Il 16 ottobre 2025 gli studenti del primo anno del corso di Trade e Consumer Marketing hanno avuto l’occasione di partecipare a una testimonianza organizzata dalla Professoressa Sabrina Latusi nell’ambito dell’insegnamento di Branding. Ospiti in aula due professionisti di BIP Consulting, tra le più importanti società di consulenza italiane a livello internazionale: la Dott.ssa Maria Vittoria Garavaglia, Partner “Media Entertainment, Telco & Sport”, e il Dott. Andrea Panzeri, Associate Manager della società Native Strategy.
Il ruolo della consulenza
Fin dall’inizio, i testimoni hanno chiarito il ruolo della consulenza: una società come BIP accompagna le imprese nel loro percorso di crescita. L’obiettivo è accelerare lo sviluppo dei clienti lavorando su diverse aree, tra cui quella dedicata alla strategia di brand e alla sua gestione.
Attraverso diversi stimoli ed esempi concreti, il Dott. Andrea Panzeri ha guidato gli studenti in una riflessione su come un brand riesca a costruire la sua preferenza. Quanto incidono prodotto, distribuzione, comunicazione, valori sulla scelta dei consumatori? In realtà la riflessione ha dimostrato che il brand non è soltanto un simbolo grafico, ma l’insieme di elementi tangibili e intangibili di cui i consumatori possono fare esperienza (direttamente e indirettamente).
“Per noi consumatori il brand è un pregiudizio, una scorciatoia cognitiva che ci permette di decidere rapidamente e senza sforzi”, ha spiegato Panzeri. Questo pregiudizio influenza quindi le scelte di consumo e il compito delle aziende è quello di dotarsi di una strategia che costruisca e alimenti gli elementi in grado di creare un pregiudizio positivo, coerente e socialmente condiviso.
Il brand è oggi il principale asset competitivo per le aziende, perché non replicabile. A dimostrarlo il fatto che per alcune delle aziende di maggiore successo rappresenta la componente principale del loro valore complessivo di mercato, e garantisce migliori tassi di crescita e migliore resilienza nei momenti di crisi.

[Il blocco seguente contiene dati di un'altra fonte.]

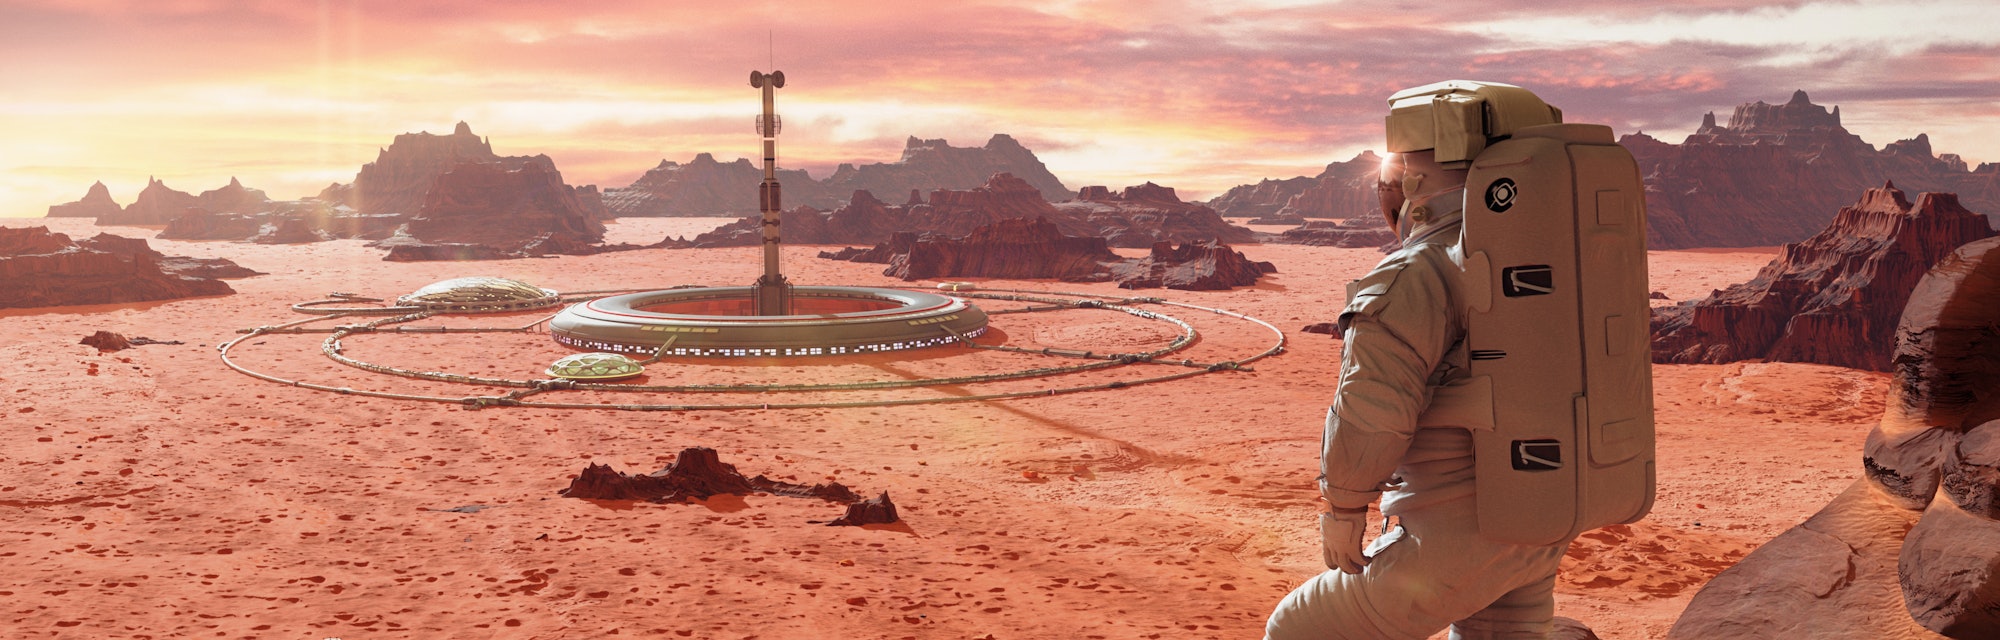 astronaut on planet Mars, looking at a martian colony (3d science illustration) 
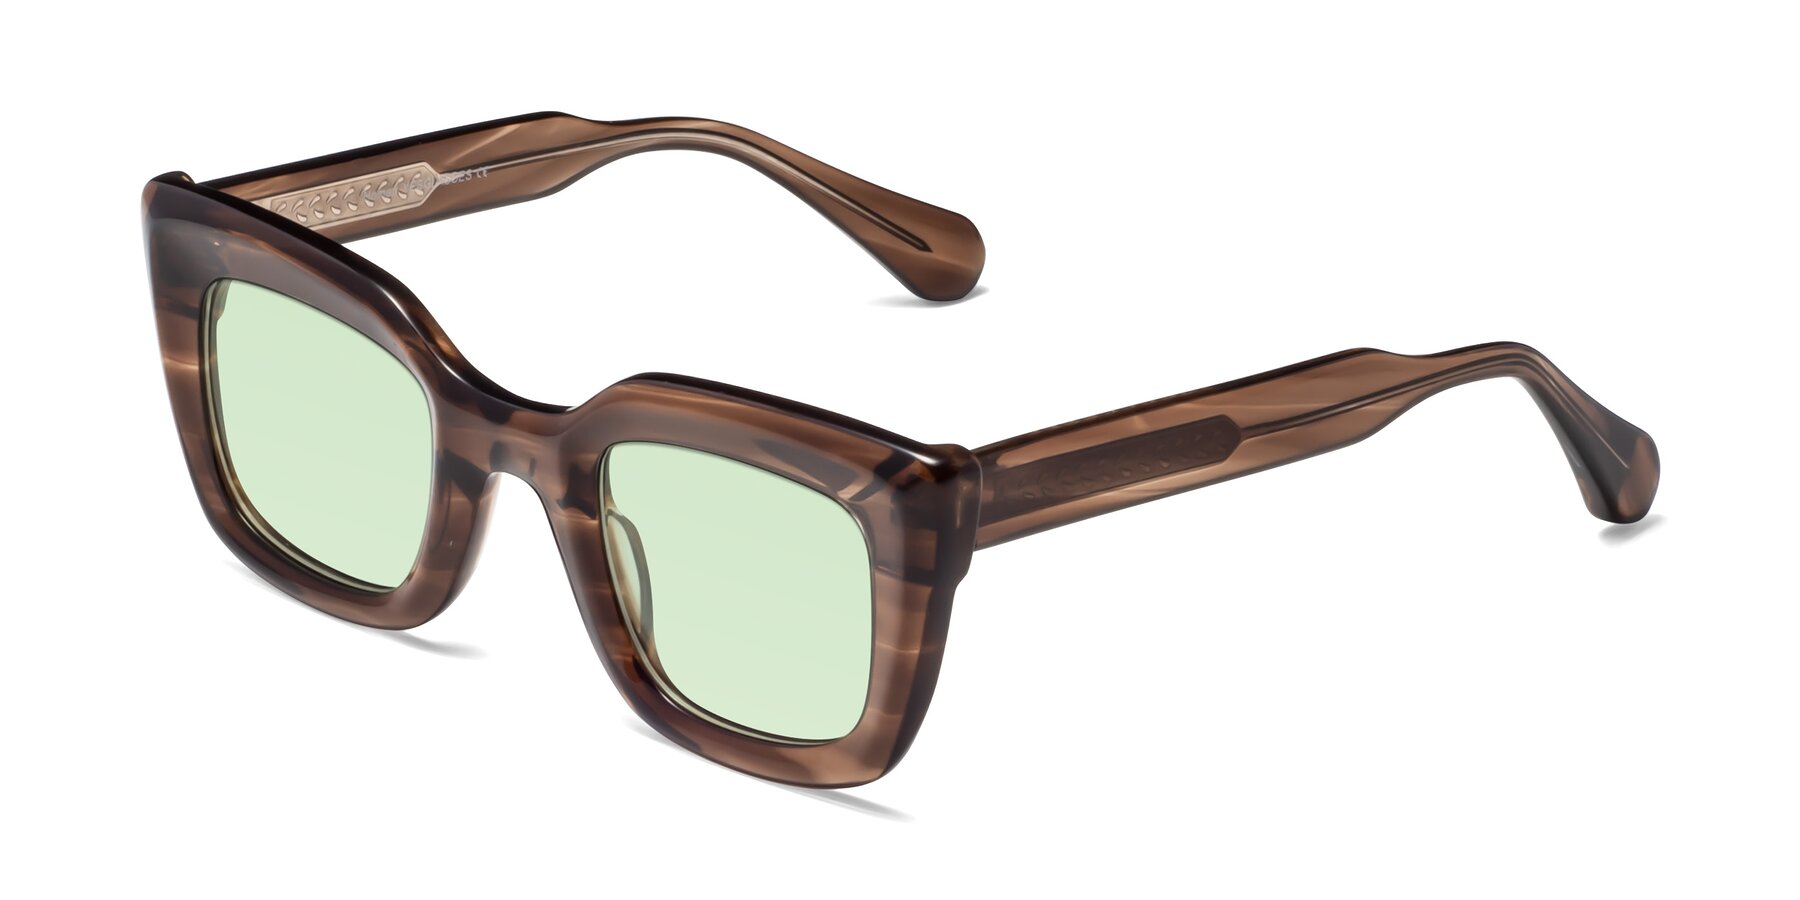 Angle of Homan in Chocolate with Light Green Tinted Lenses

Brand extension, brand stretch e rebranding
Da qui il passaggio al tema della brand extension, ovvero l’espansione di un marchio all’interno della stessa categoria di prodotto — come nel caso di Coca-Cola con le versioni Zero e Light — e del brand stretch, che invece porta il brand in nuovi territori, purché coerenti con il pregiudizio che i consumatori hanno di esso. Anche il rebranding, cioè il riposizionamento di un marchio, è un’azione strategica complessa, ma necessaria quando a cambiare sono il contesto o la percezione del pubblico.
Domande dei traders
Avete parlato del brand come di un pregiudizio collettivo. Ma oggi, con l’iper-personalizzazione dei contenuti, non rischiamo che il brand diventi sempre più un pregiudizio individuale? Come si mantiene allora una percezione comune del brand?
“Questa è una sfida che molte aziende ancora non riconoscono pienamente” afferma Panzeri. Per i brand che aspirano alla crescita è ancora fondamentale costruire un’immagine condivisa, e questo richiede in primis una comunicazione “posizionante”, tipicamente attraverso i cosiddetti canali ATL (Above The Line), capaci di raggiungere un grande numero di persone con lo stesso messaggio. Dopodiché, la comunicazione deve rimanere coerente anche sui mezzi che permettono la personalizzazione, costruendo su quanto già presente nella mente del consumatore e su un valore già riconosciuto.
Come fa una start up ad affermarsi sul mercato concorrendo con brand consolidati?
Paradossalmente, per una startup il processo di costruzione del brand – o brand building – diventa fondamentale sono nel momento in cui vuole evolvere la sua stessa natura (scale-up). È proprio qui che si trova la principale differenza rispetto a un marchio già affermato: mentre quest’ultimo utilizza il brand building per rafforzare la propria presenza e incrementare i volumi di vendita, una start-up deve prima validare il proprio prodotto e poi conquistare il mercato penetrando una domanda pre-esistente. Solo dopo aver saturato quella domanda iniziale e raggiunto una base solida di clienti potrà iniziare a investire nella costruzione del proprio brand per continuare a crescere. Questo a livello di investimenti. Avere chiara fin da subito la direzione evolutiva del brand e gli elementi che possano renderlo riconoscibile e distintivo è, invece, imprescindibile fin da subito.